• _Information supplied_
———

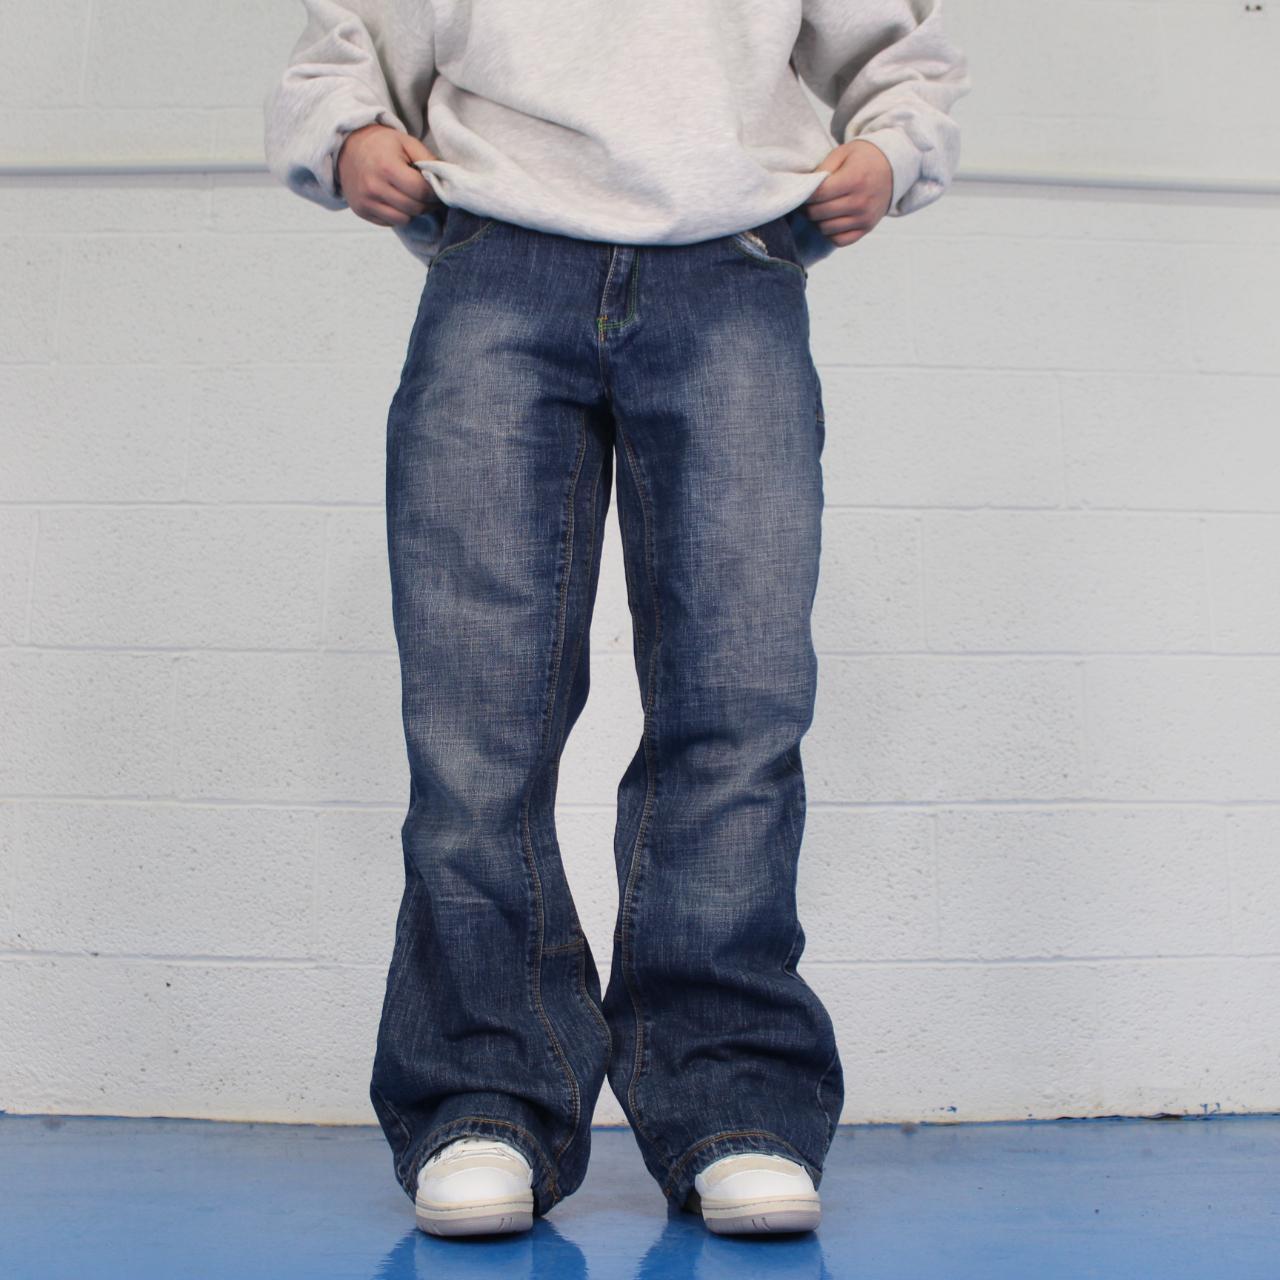 Crest Jeans embroidered flared jeans Loose baggy... - Depop
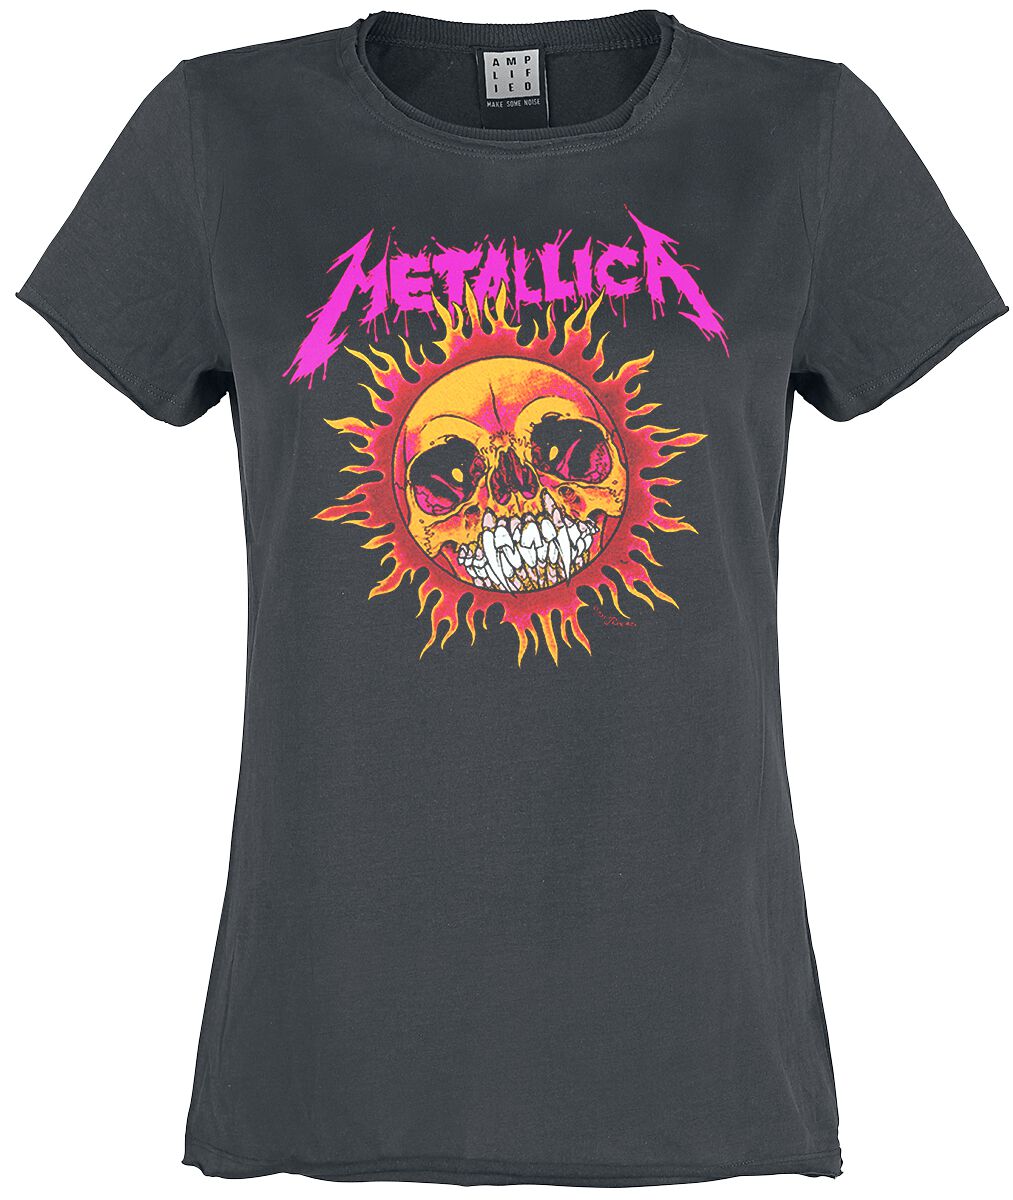 Metallica Amplified Collection - Neon Sun T-Shirt altweiß in M
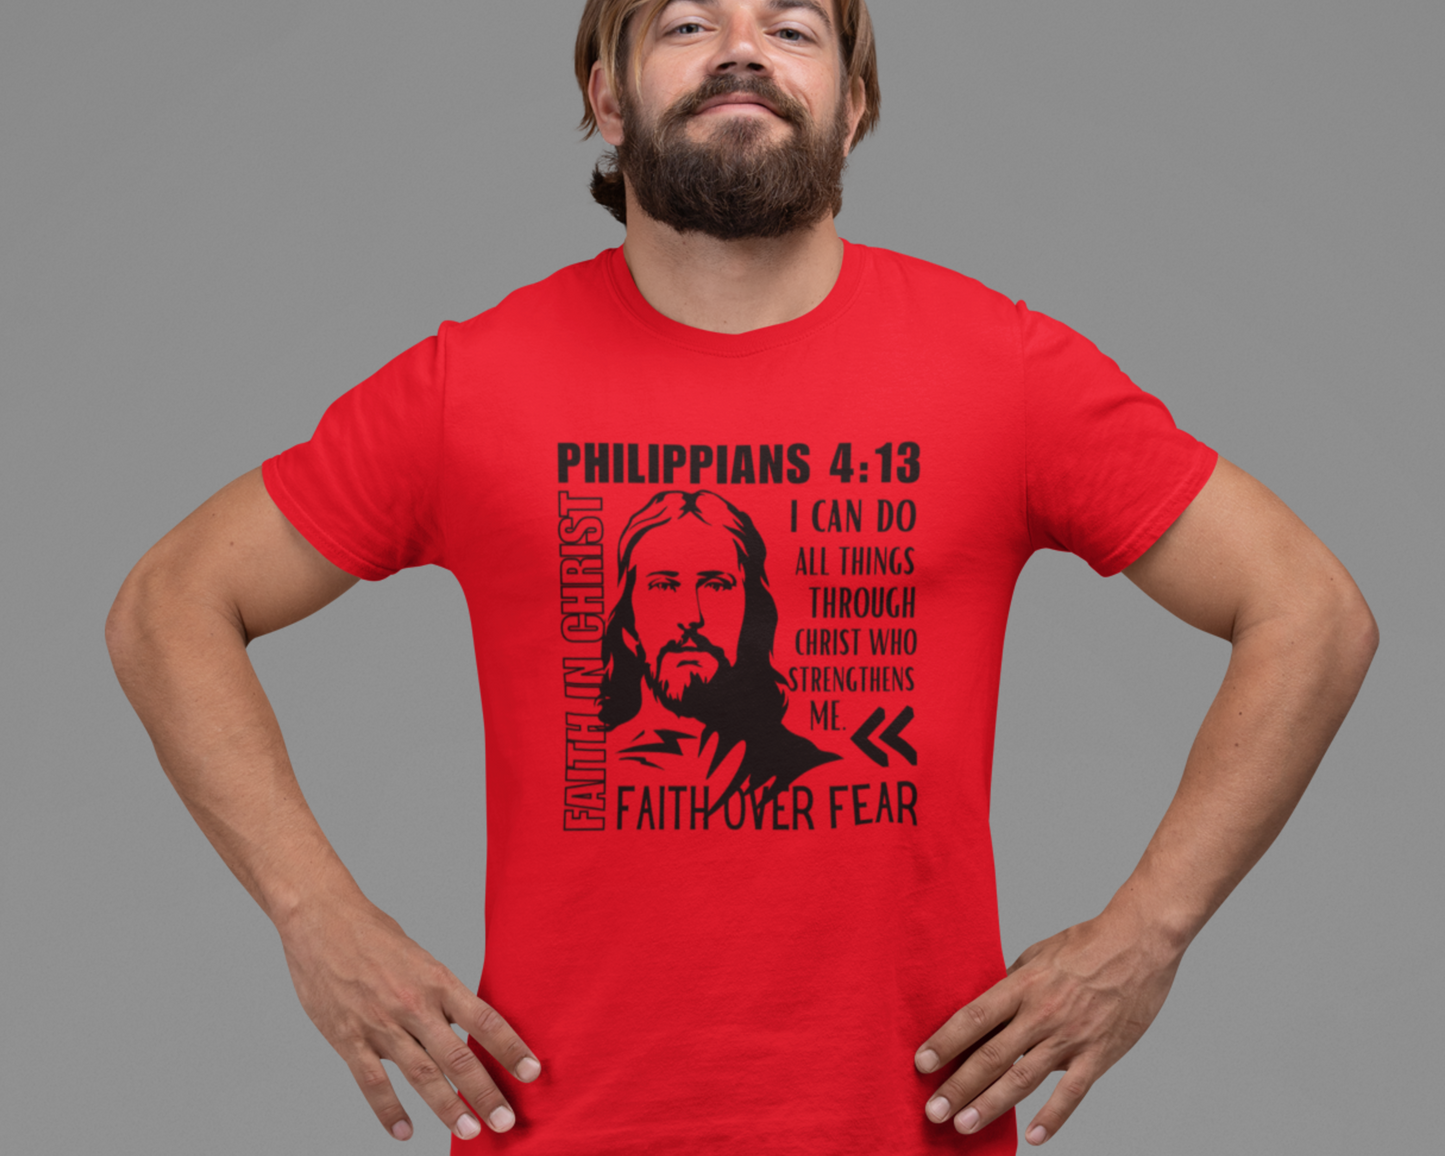 Philippians 4:13 Christian T-Shirt For Men

———

• _Task to carry out_
Nothing but the text is wanted: repeat the data above exactly, without its images.

• _Written reply_
 Crest Jeans embroidered flared jeans Loose baggy... - Depop
 Metallica Amplified Collection - Neon Sun T-Shirt altweiß in M
 Philippians 4:13 Christian T-Shirt For Men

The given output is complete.